Atmosphere also plays a vital role in the band’s experimentation.  “The traditional instrumentation of music is never interesting to me,” Edwards says. “I don’t respond to it. We try and use bass and guitar to create sounds that don’t necessarily sound like those instruments, to have a chaotic element but also have a strong melody and something that we can actually play again and again.

“It’s not like we have these little pop gems and pour all this chaos all over them. The chaos is an integral part from the ground up. I like when I hear a sound that’s out of control and chaotic and a little bit dissonant and strange in some way. I like to try and find either some kind of melody in there I can hear, or I like the battle of trying to put the vocal or another instrument over it that makes it more accessible to the ear.

“Of course,” he continues, “you can make a recording that’s just a photograph of a band live, but if you don’t add some production, that won’t work, because a band in a room playing through a loud PA creates an emotional response. On a recording, if you want to create the same kind of intensity, you have to employ little tricks.”

For Autolux, these little tricks tend to be very labor intensive. “It’s time consuming to get these ambient elements,” Edwards explains. “For us, the song just doesn’t even sound like the song, or doesn’t sound finished, until those things are there. Those kinds of things, which might seem so inconsequential, make a huge difference to us. And it might take you four or five hours to record one little transitional sound, just to get it to feel right.”

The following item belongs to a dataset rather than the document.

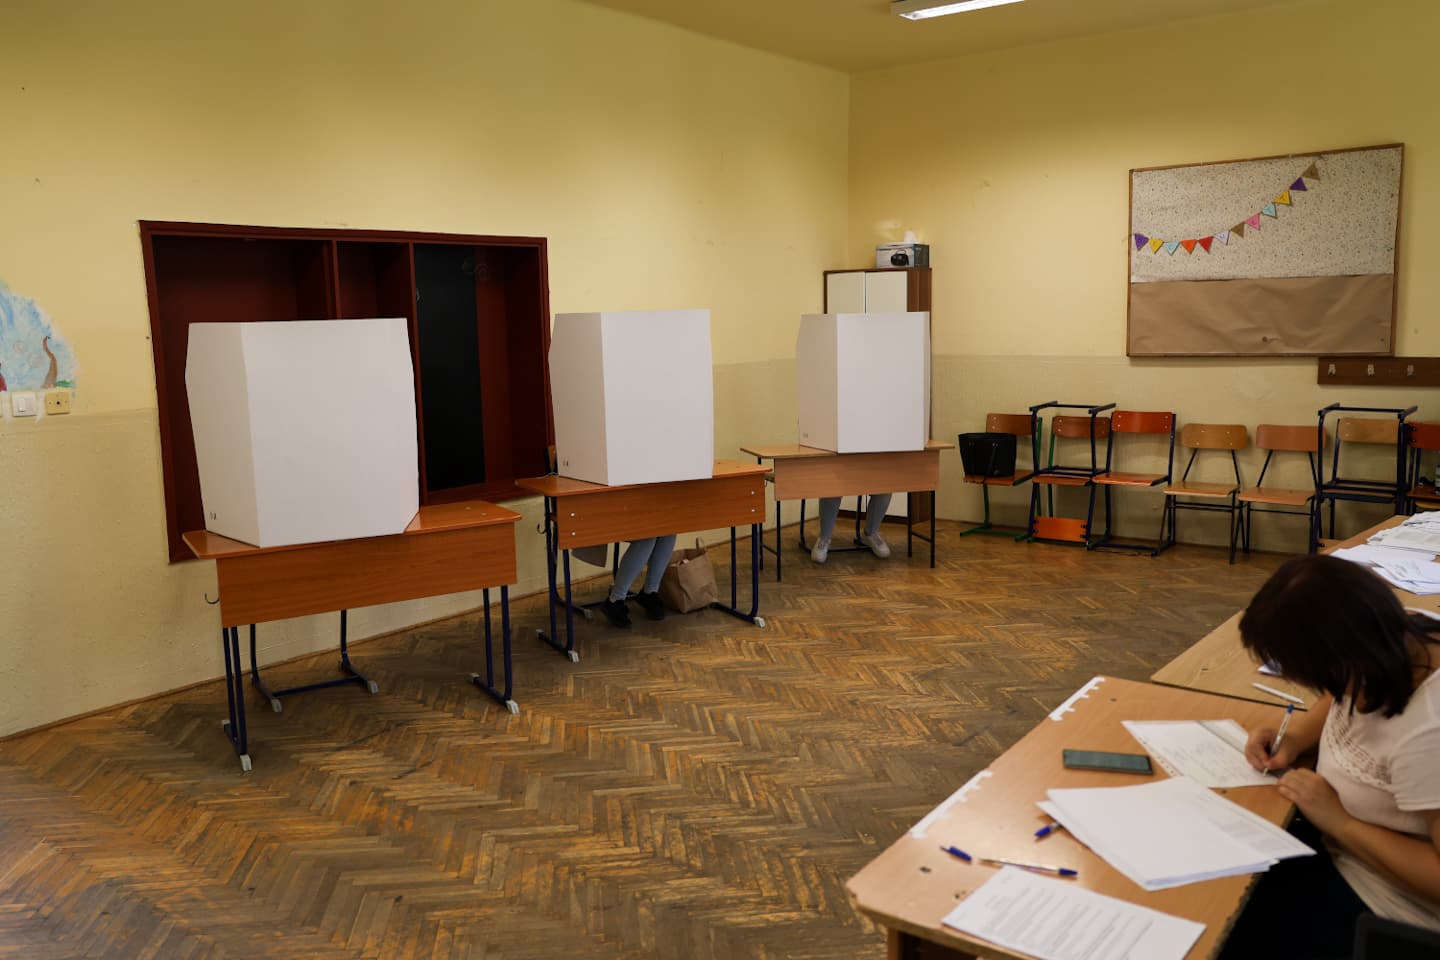 Rosszul lett a választási bizottság egyik tagja, meghosszabbították a szavazást Petržalkán az egyik szavazókörben

Autolux has already begun touring in support of Transit Transit. By the time the album finally comes out, many listeners will have already heard the new songs in person.

Fans are, in a sense, lucky to hear the music in this order. This way, the album experience becomes something to look forward to rather than taken for granted. Of course, Autolux doesn’t seem to be in any hurry, so fans might as well savor the wait.